20.11.2019 - 18:46 | Son Güncellenme:
DHA
Aksu, Akand'ın mahkemedeki tavırlarına sitem ettiği mektubunda, "Sen bana, ben sana kuşkusuz güvenmek zorundayız. Bizim olayda ciddi bir şey yok, sen de biliyorsun. Üçümüz başından sonuna kadar beraberdik. Sırf sen hatırlayamadığın için anlamsız beni suçluyorsun. Ama öyle olmadığını sen de çok iyi biliyorsun" ifadelerini kullandı. Mektubunda kamuoyu baskısı nedeniyle suçlandıklarını belirten Aksu'nun, "Ben takipteyim anbean. Sen benim dediklerimi yap" ifadeleriyle, Akand'ı yönlendirmeye çalıştığı ileri sürüldü.

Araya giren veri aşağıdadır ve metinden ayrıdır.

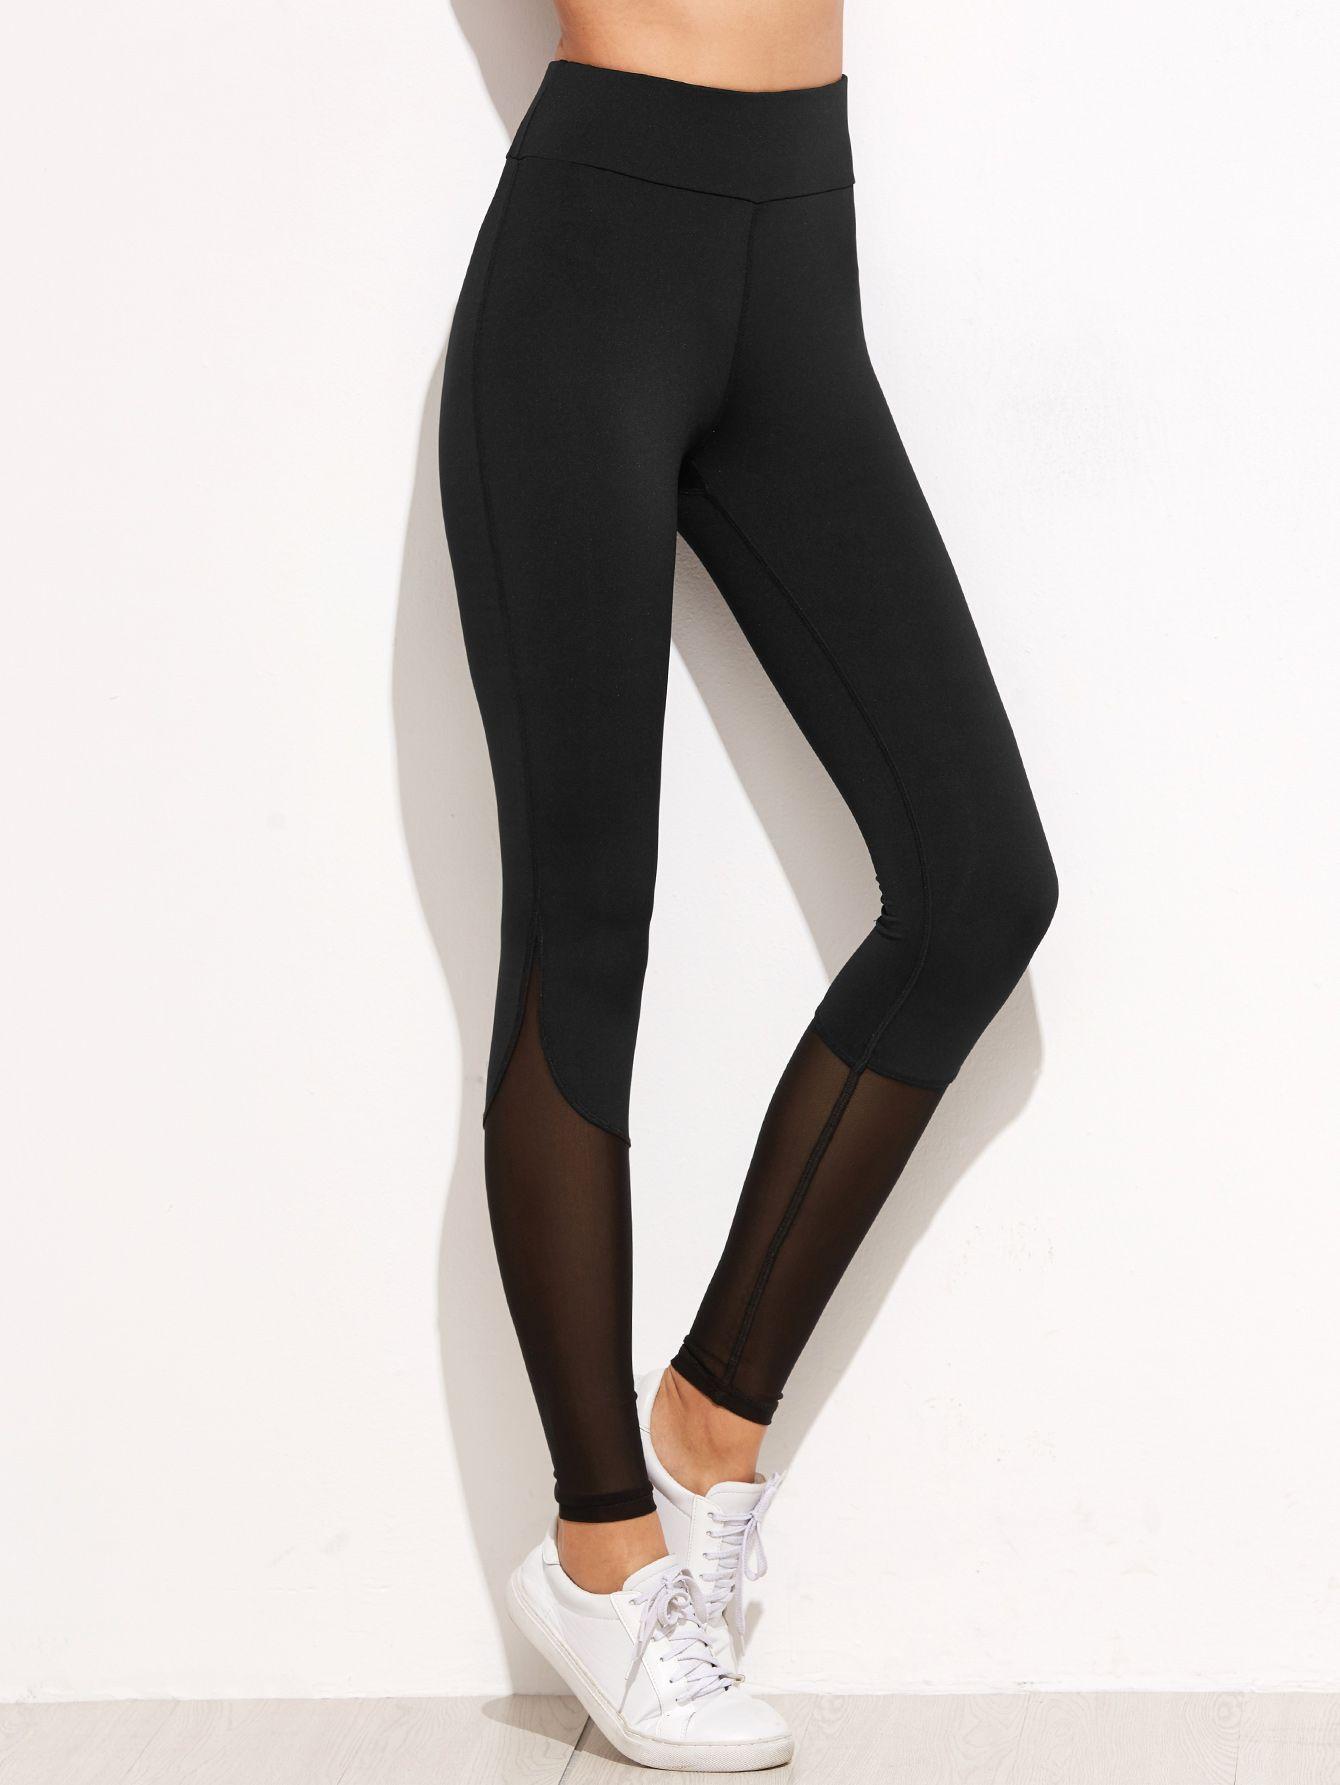 6655fefdd1d428 Shop Black Contrast Mesh Leggings online. SheIn offers Black Contrast Mesh  Leggings & more to fit your fashionable needs.

'SENİ DE ŞULE GİBİ MAĞDUR GÖSTERECEKLER'
Aksu, ifadelerinde olay anında uyuduğunu söyleyen Berk Akand'a mektubunda şu ifadeleri kullanıyor:
"Olayın renginde değişen bir şey yok Berk. Sizin saçmalıklarınız yüzünden olayı saçma sapan yerlere getirdiler. Bırak artık şu 'uyuyordum' işini. 'Hatırlamıyorum' de, 'tamam kafam güzeldi' de 'o an ben de yok' dersin anlarım. Ama uyuma işi hikaye. Bana diyorsun, sen alasını yapıyorsun aslında. Sürekli seninkilerin beni saçma karalama çabaları. Seni de neredeyse zorla orada tuttuğuma getirecekler. Hatta, seni de Şule gibi mağdur gösterecekler. Yanlış yapıyorsunuz."
'TAM BİR FİYASKO'
Sanık Aksu, Berk Akand'ın mahkemede verdiği ifadede bardak yıkama sesi duyduğunu söylemesiyle ilgili de "Zaten yıkama olayı başlı başına rezalet. O kadar mesafede mümkün değil. O kapı özel, ses geçirmiyor bile. Yani senin onu 'duydum' demen tam bir fiyasko" dedi.
Onlarca sayfalık mektuplarda sanık Aksu'nun, davanın avukatlarına, mahkemeye, tanıklara ve duruşmayı izlemeye gelenlere yönelik hakaretlerde bulunduğu da görüldü.
Öte yandan, Akandın avukatları da mahkemeye mektupla birlikte sundukları dilekçede, sanık Çağatay Aksunun müvekkilleri Berk Akand'a, verdiği ifadeler konusunda baskı yaptığını; ancak müvekkillerinin bu baskılara rağmen ifadelerini değiştirmediğini vurguladı.